As one of four recipients of the prestigious Temple Bar scholarship, McGurk was selected to spend a month in London, where he would shadow barristers and serve as a marshal for a High Court Justice as part of an intensive program to learn about the English legal system. An associate position with the international law firm Kirkland & Ellis also awaits, but first there is Italy.

He must go finish packing, but he is still talking about the Supreme Court. Asked whether he would like to be a judge some day, McGurk smiles and says that he thinks it's something he would enjoy. And the high court? He won't take the bait.

"I was honored to serve as a clerk on the Supreme Court of the United States," he says, leaving out an important piece of information: Three of the nine sitting justices also once served as law clerks at the Supreme Court.

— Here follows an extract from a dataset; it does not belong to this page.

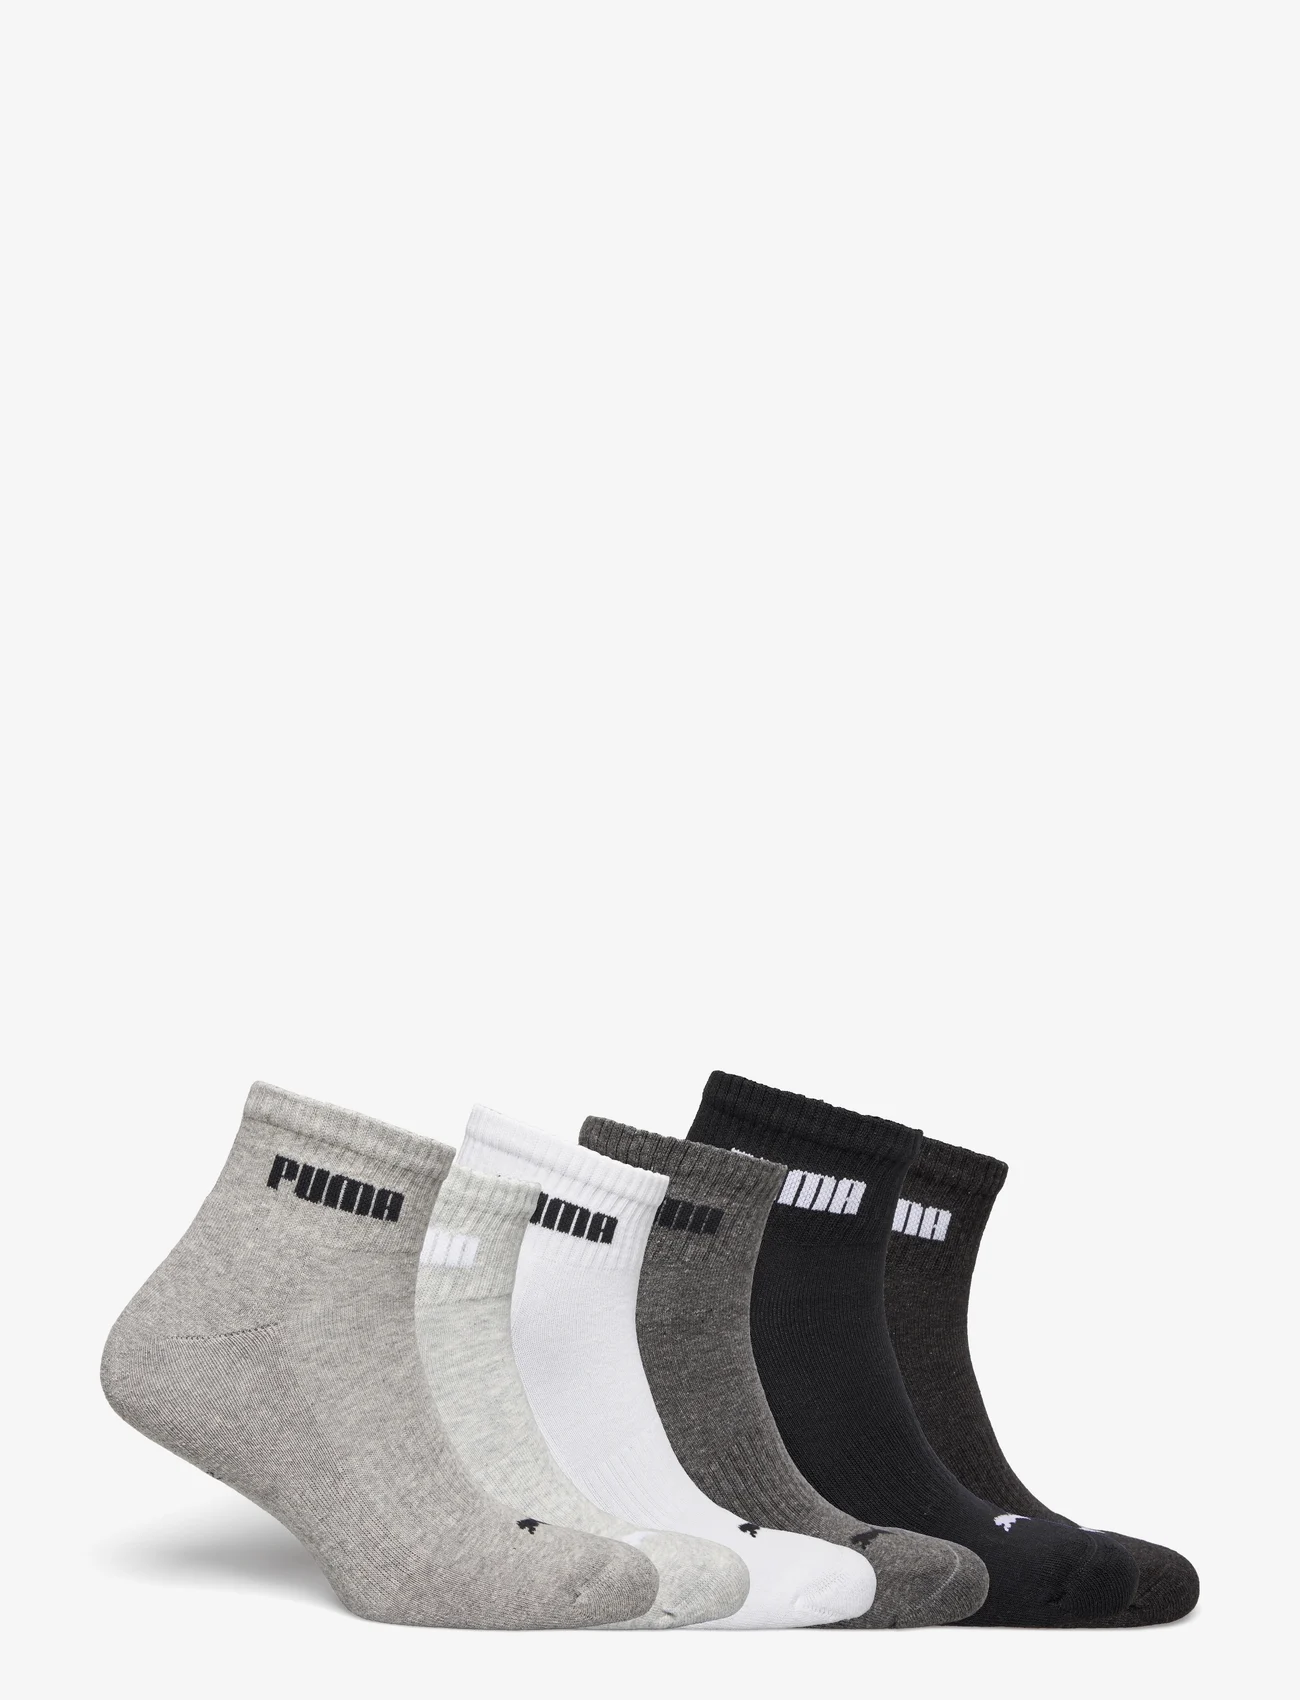 PUMA - PUMA UNISEX NEW GENERATION CUSHIONE - tavalliset sukat - white / grey / black - 1

UConn's Supreme Trio in Hartford
For students seeking to meet the demands of studying the law, any aspirations about some day reaching the highest levels of the legal profession are perhaps only a daydream.

Justices Joette Katz, Richard N. Palmer, and Christine S. Vertefeuille
Connecticut Supreme Court Justices Joette Katz '77 J.D., Richard N. Palmer '77 J.D., and Christine S. Vertefeuille '75 J.D.

"It was something I never really considered as a law student," says Richard N. Palmer '77 J.D., one of three UConn School of Law alumni who serve as associate justices of the Connecticut Supreme Court. "I think virtually every day how fortunate I am to discharge the responsibilities of this office."

Justice Palmer, along with Joette Katz '77 J.D. and Christine S. Vertefeuille '75 J.D. hold three of the seven seats on the state's highest court, making decisions that ultimately may affect the lives of all the state's citizens.

All three of the justices remain actively involved with the School of Law, either as guest lecturers or participants in Moot Court sessions with students. Justice Katz previously served as a member of the faculty and also as a member of a dean's search committee. Justice Palmer served on the search committee that selected Dean Nell Jessup Newton. Justice Vertefeuille addressed the current class of first-year law students.

The justices say that seeing so many of their former classmates and fellow alumni in court and throughout their travels makes the UConn School of Law experience unique.

"The school attracts national talent," Justice Katz says.

"We see people we went to UConn with all the time at functions and in our court. It's like being in a club that is sustaining. You don't get that when you go to law school in another state and then come back to practice."

"I'm tremendously proud of the law school," says Justice Vertefeuille. "As good a school as it was when we went there, it has a greater national reputation today. We are invited to do Moot Court at many law schools. We're just thrilled to see the caliber of our law students. They are so good."